- TASK DESCRIPTION: Your answer should be the full data, transcribed exactly, with no pictures in it.

- SUPPLIED INFORMATION:

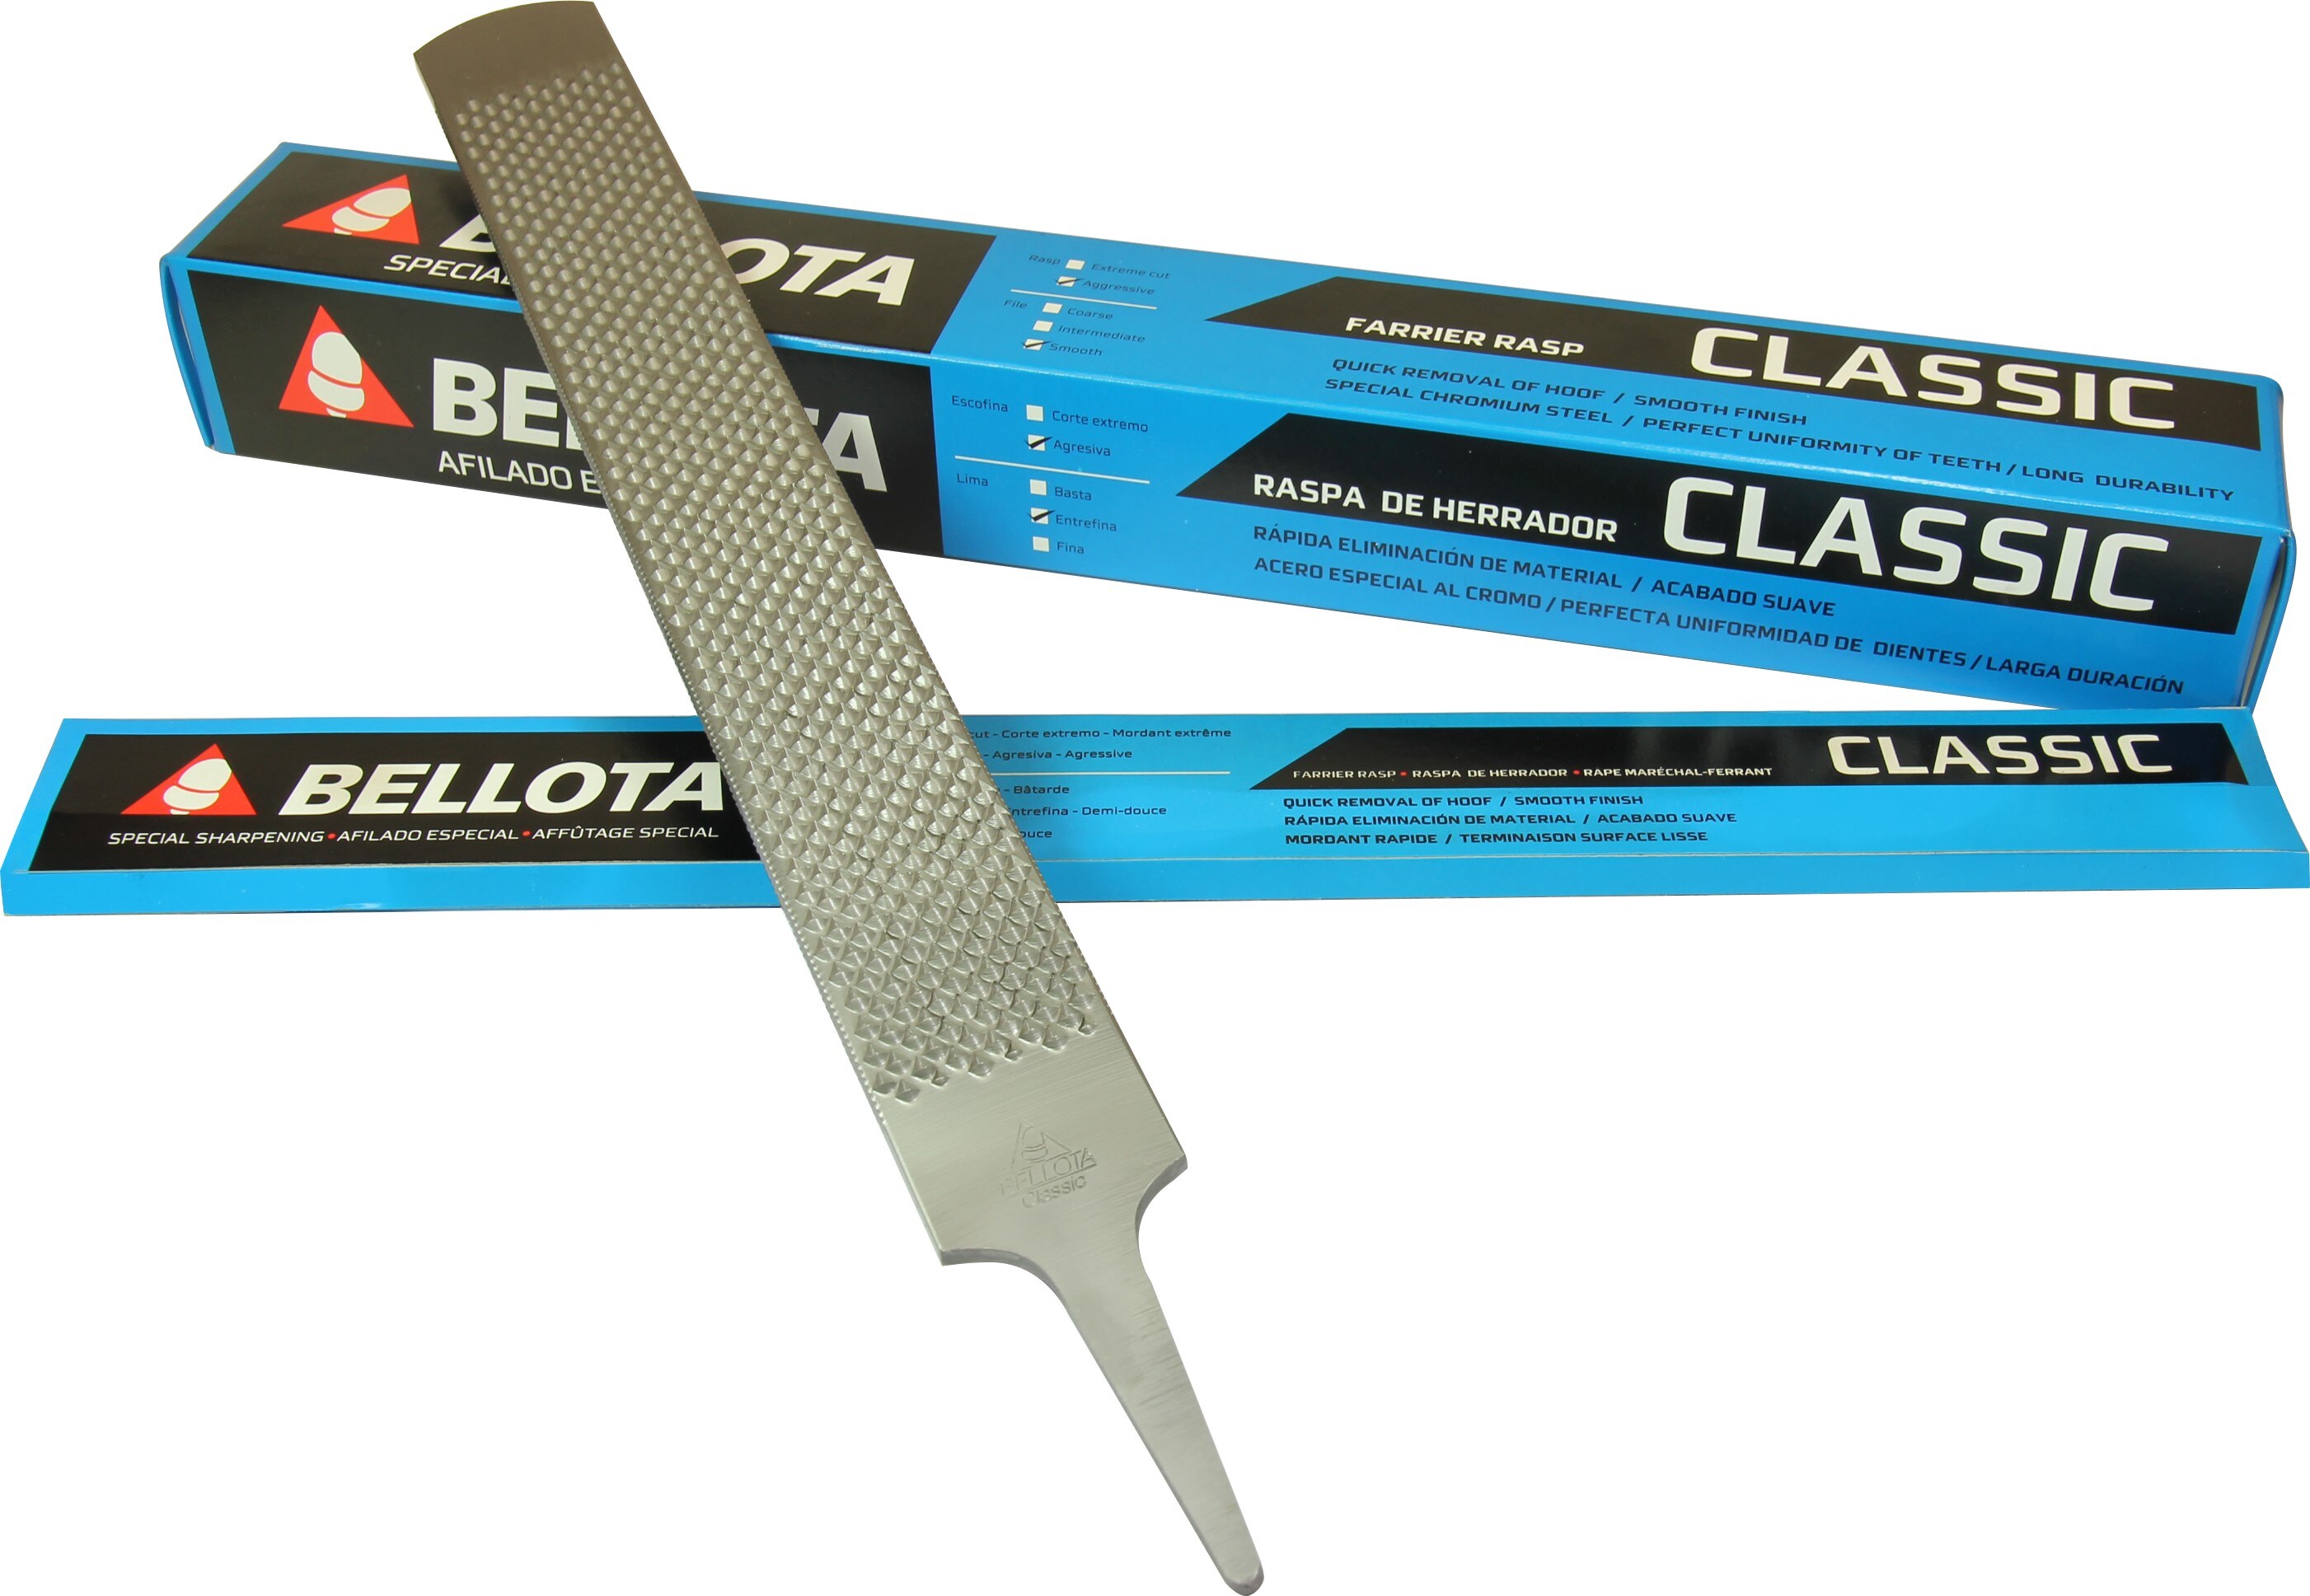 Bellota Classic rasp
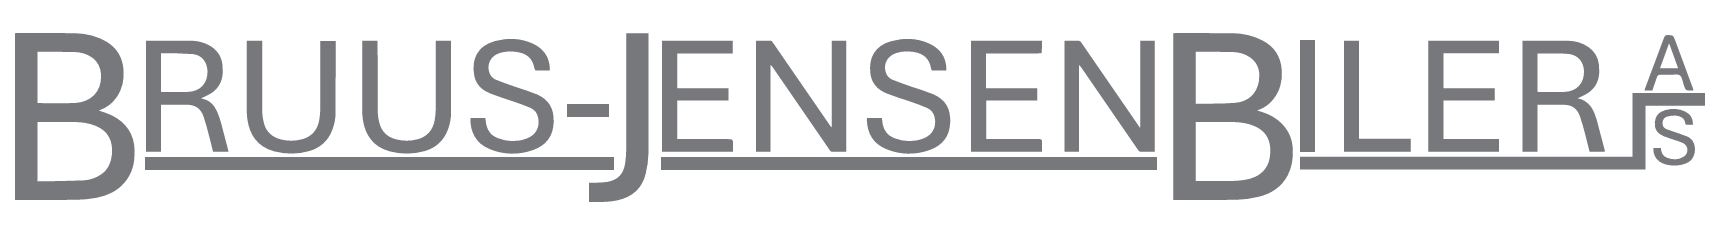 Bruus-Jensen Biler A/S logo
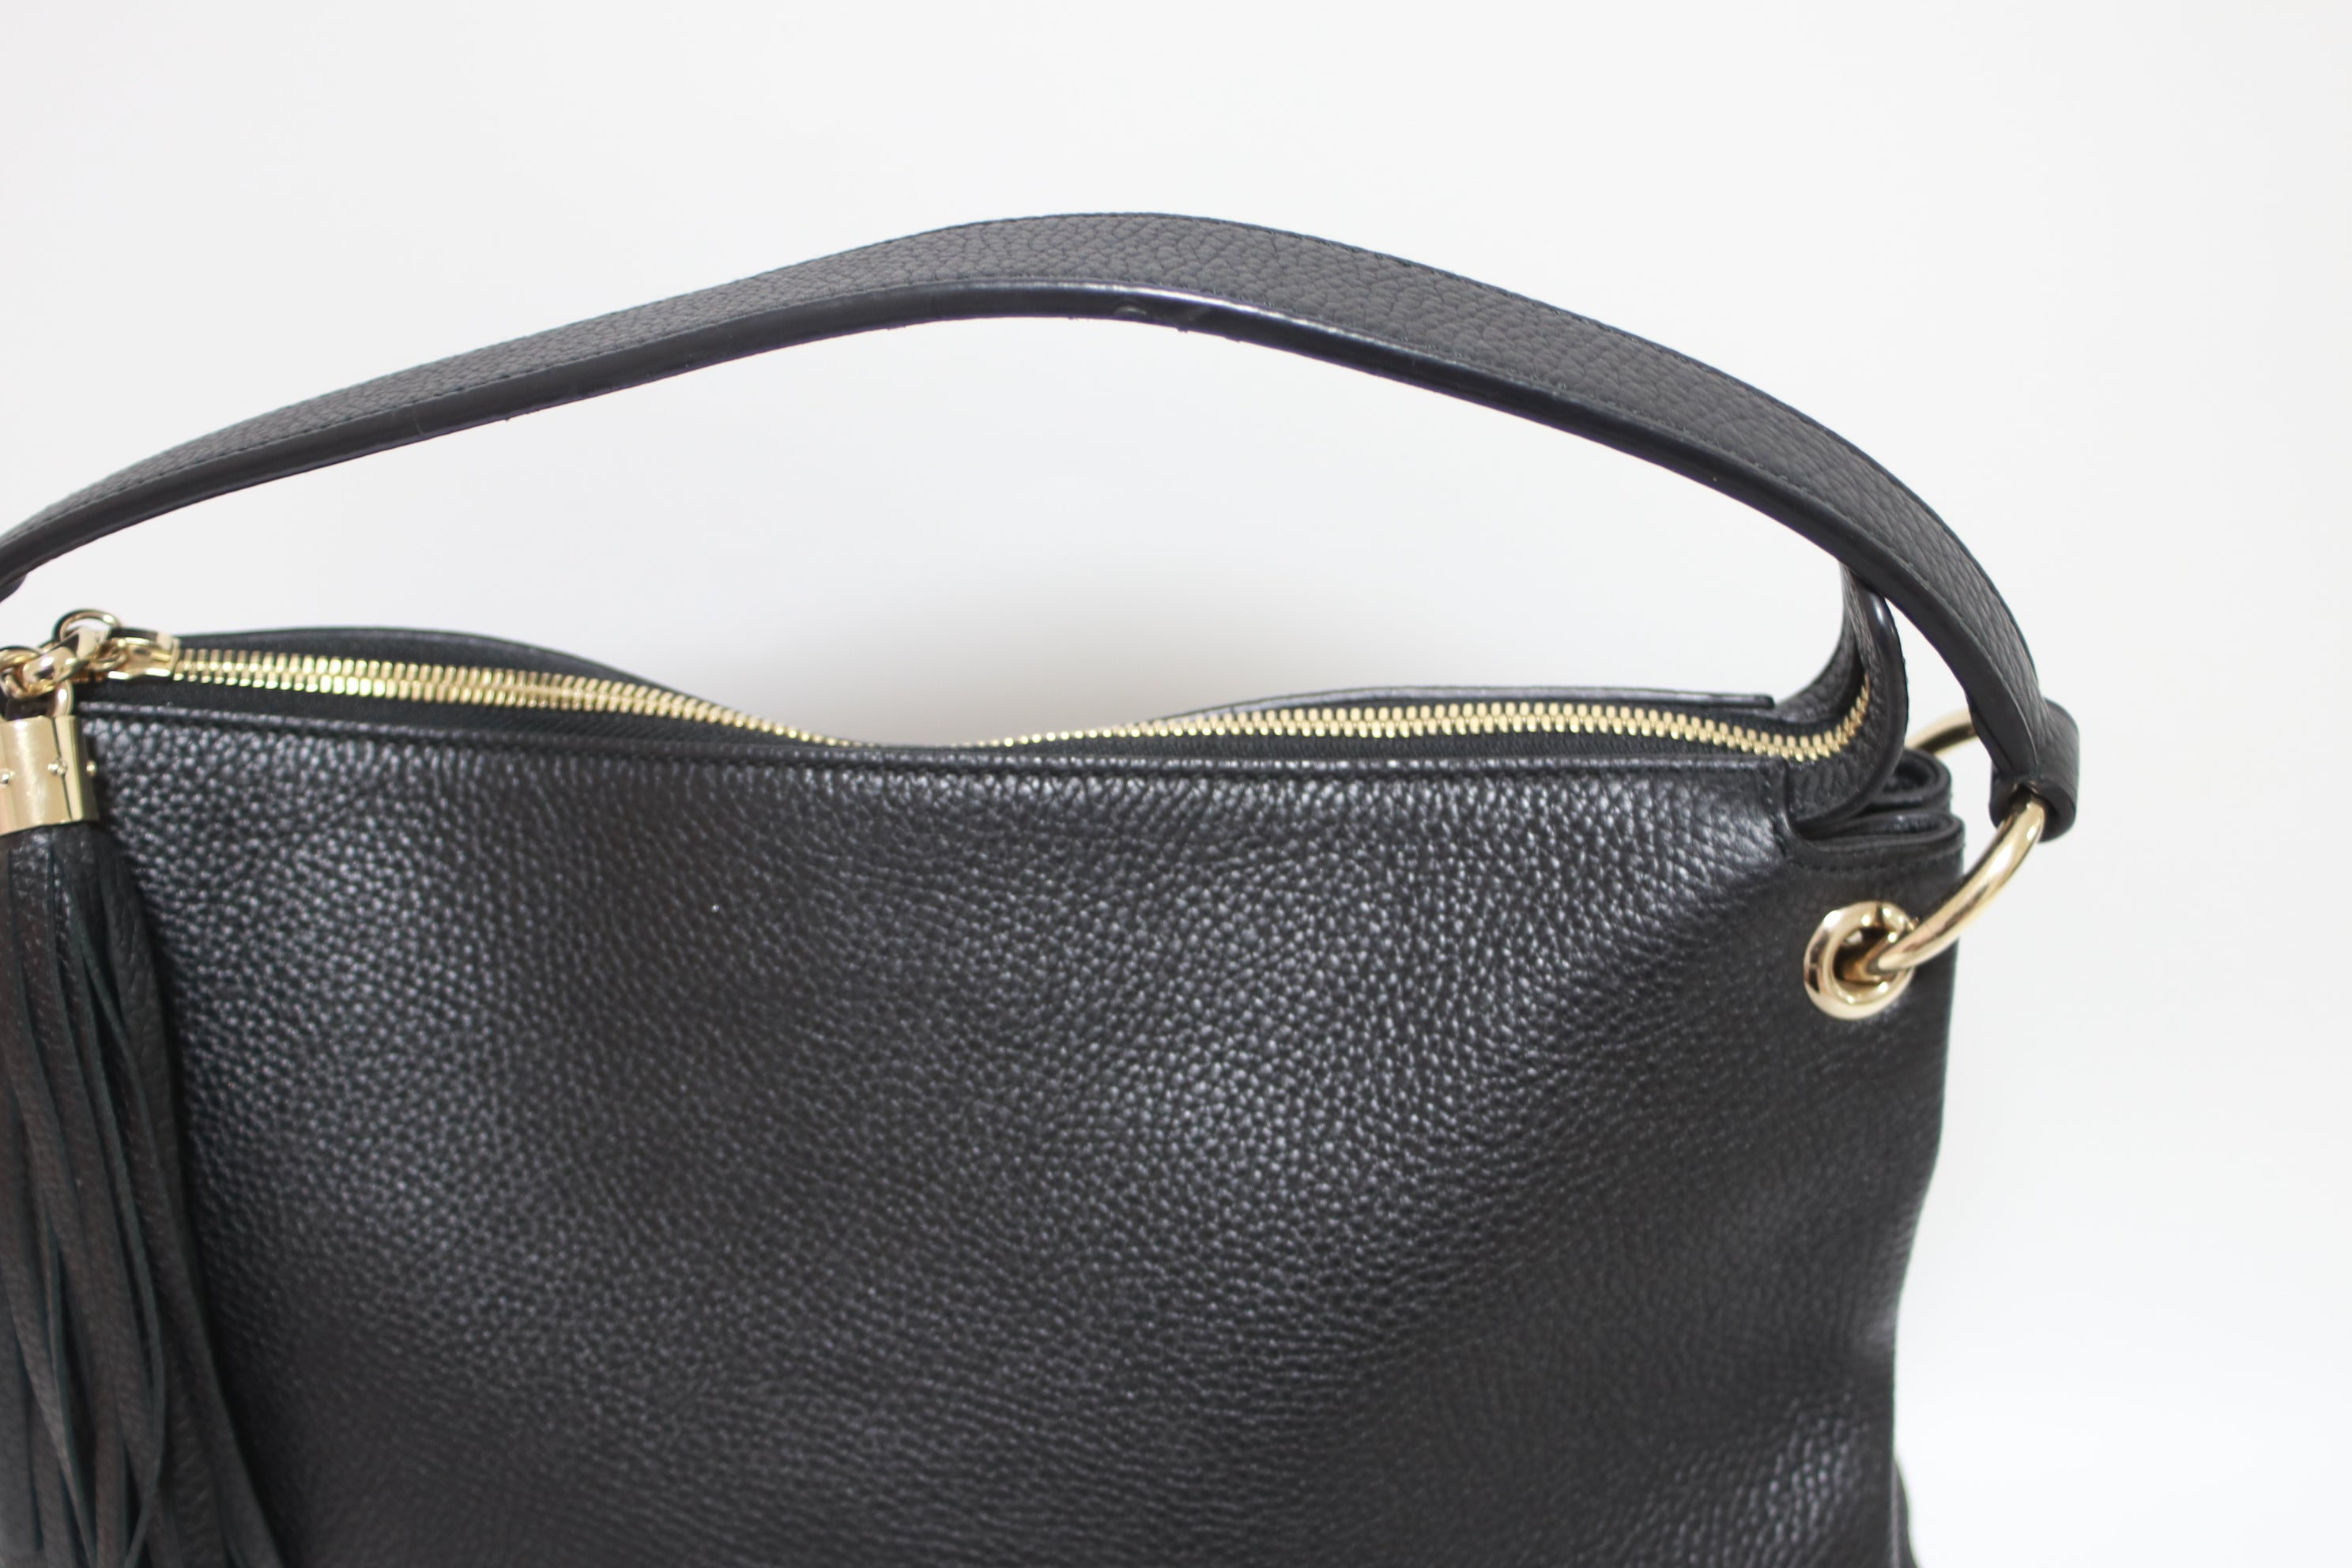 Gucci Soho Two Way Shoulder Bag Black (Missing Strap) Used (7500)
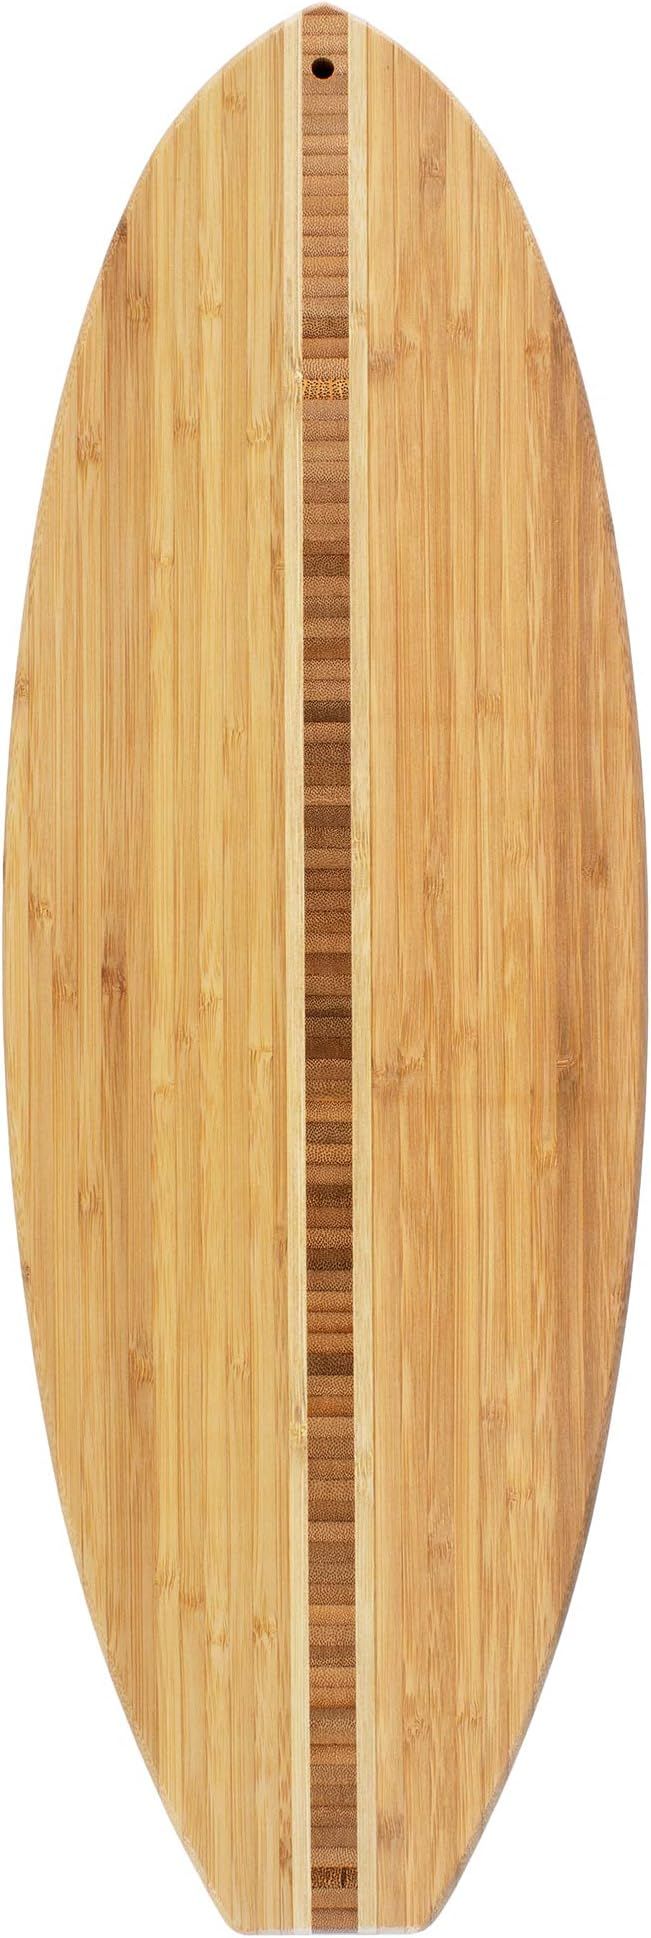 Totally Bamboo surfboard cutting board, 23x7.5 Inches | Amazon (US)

- RESPONSE BOX:
 Bellota Classic rasp
 Bruus-Jensen Biler A/S logo
 Gucci Soho Two Way Shoulder Bag Black (Missing Strap) Used (7500)
 Totally Bamboo surfboard cutting board, 23x7.5 Inches | Amazon (US)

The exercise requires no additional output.